Would you copy the listing below exactly, keeping the pictures out?
---- DATA SECTION
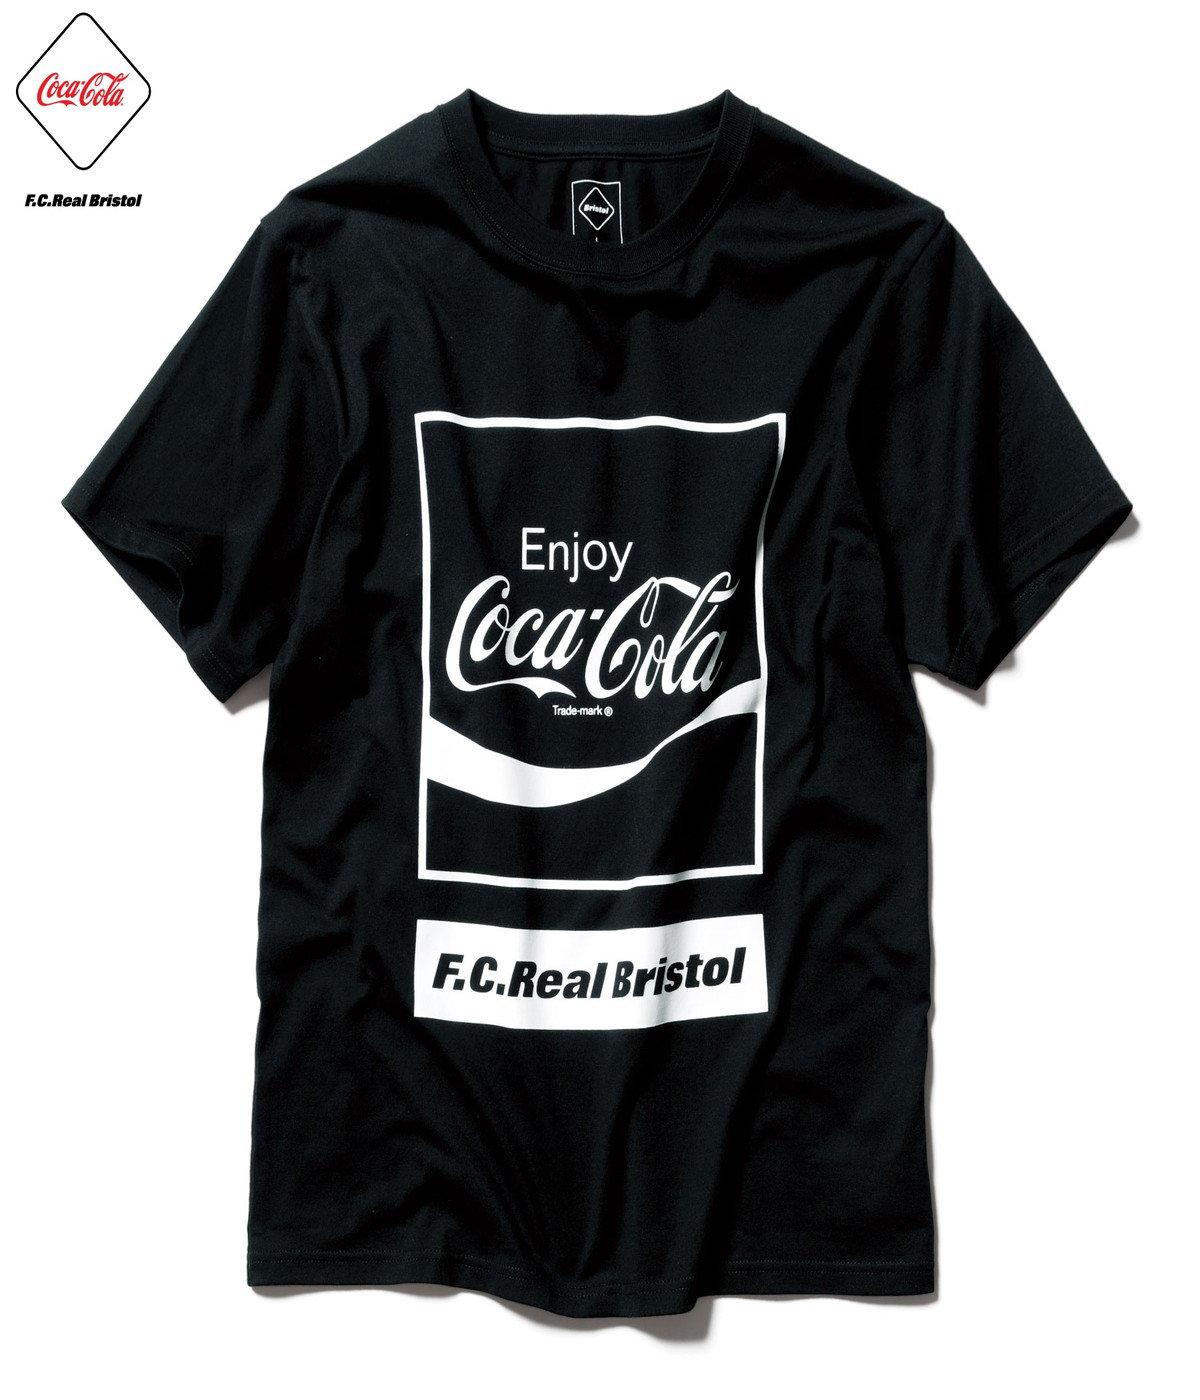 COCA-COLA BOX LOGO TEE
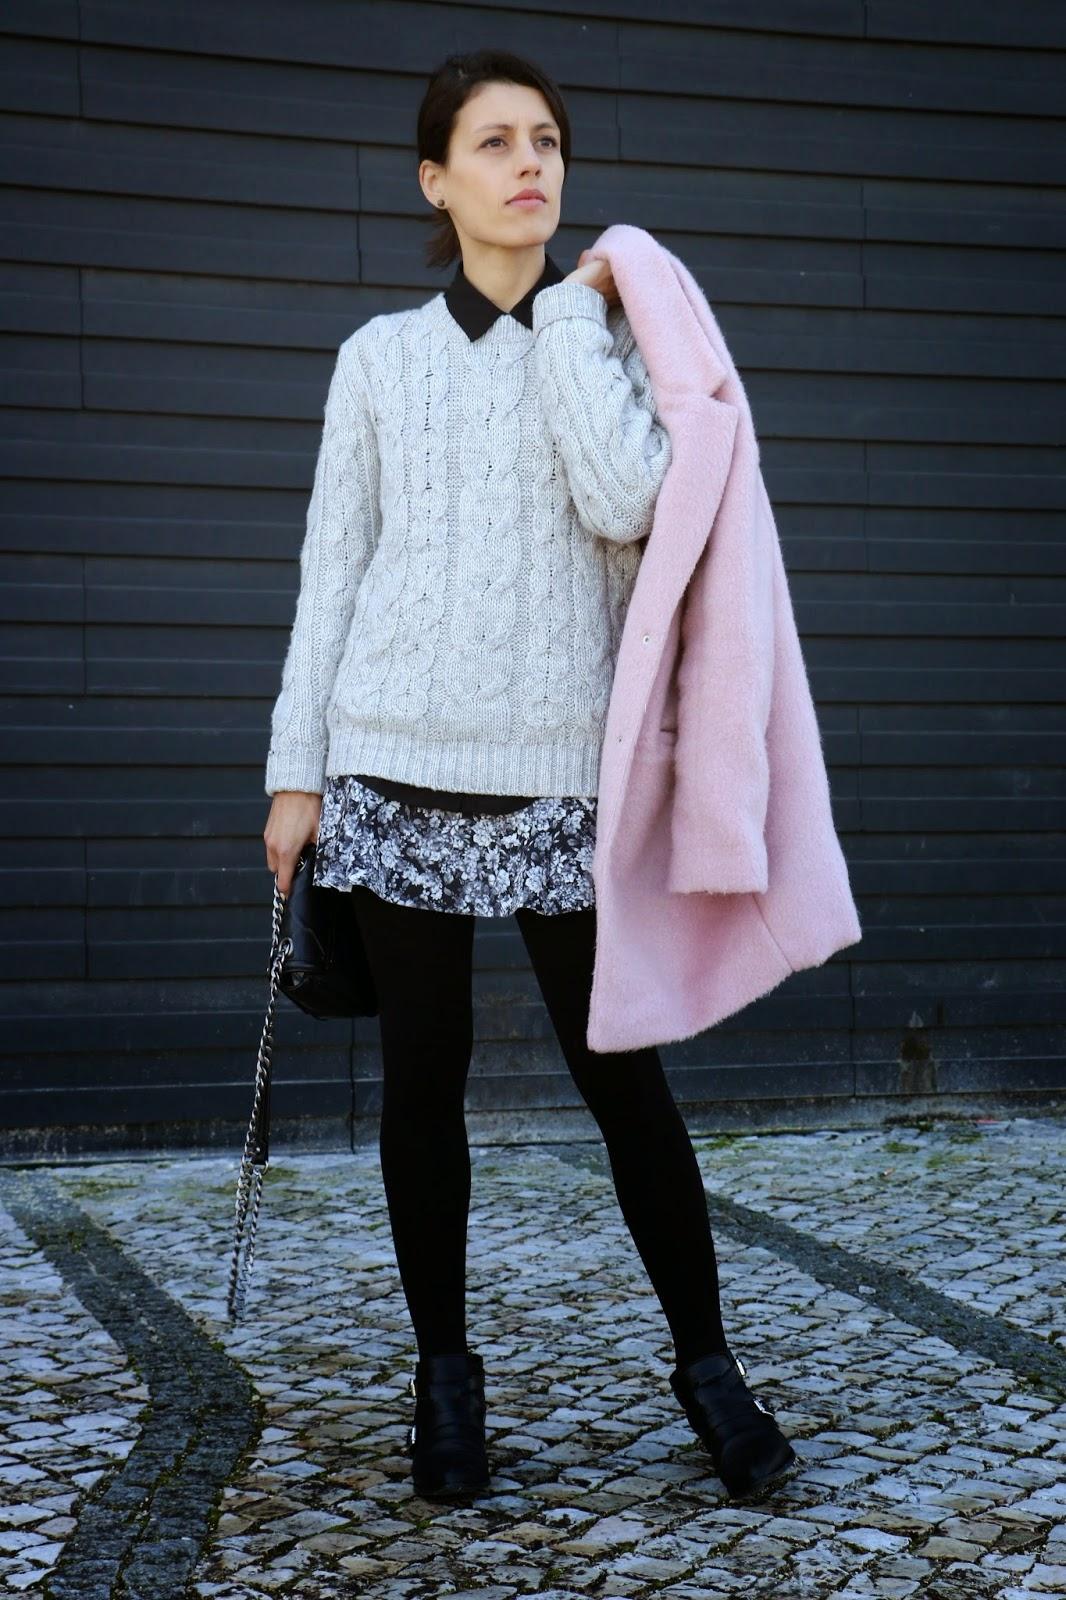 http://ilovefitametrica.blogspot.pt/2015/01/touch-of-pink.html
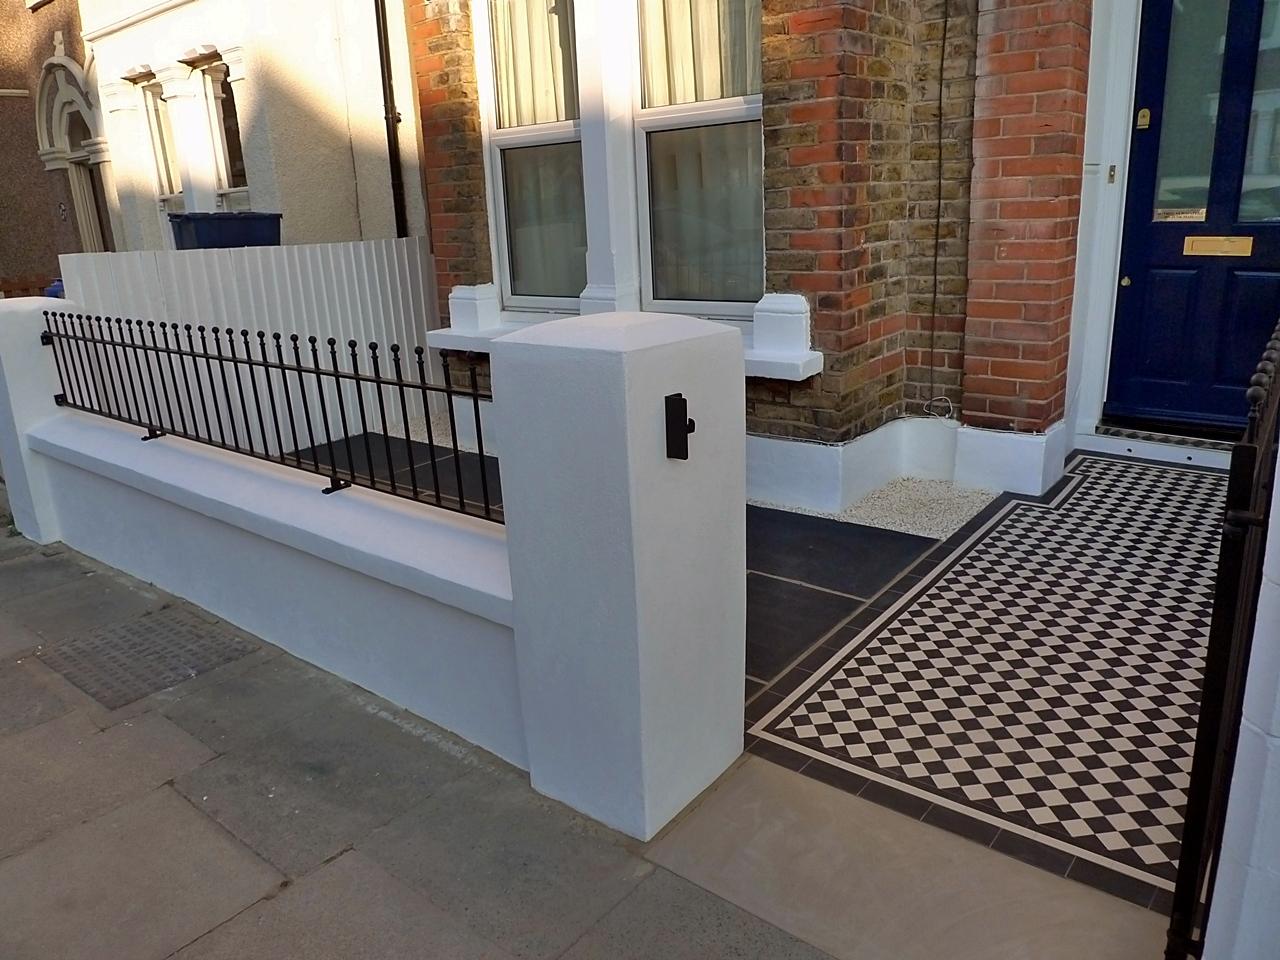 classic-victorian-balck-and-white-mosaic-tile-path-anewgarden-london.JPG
--------
WRITTEN RESPONSE:
 COCA-COLA BOX LOGO TEE
 http://ilovefitametrica.blogspot.pt/2015/01/touch-of-pink.html
 classic-victorian-balck-and-white-mosaic-tile-path-anewgarden-london.JPG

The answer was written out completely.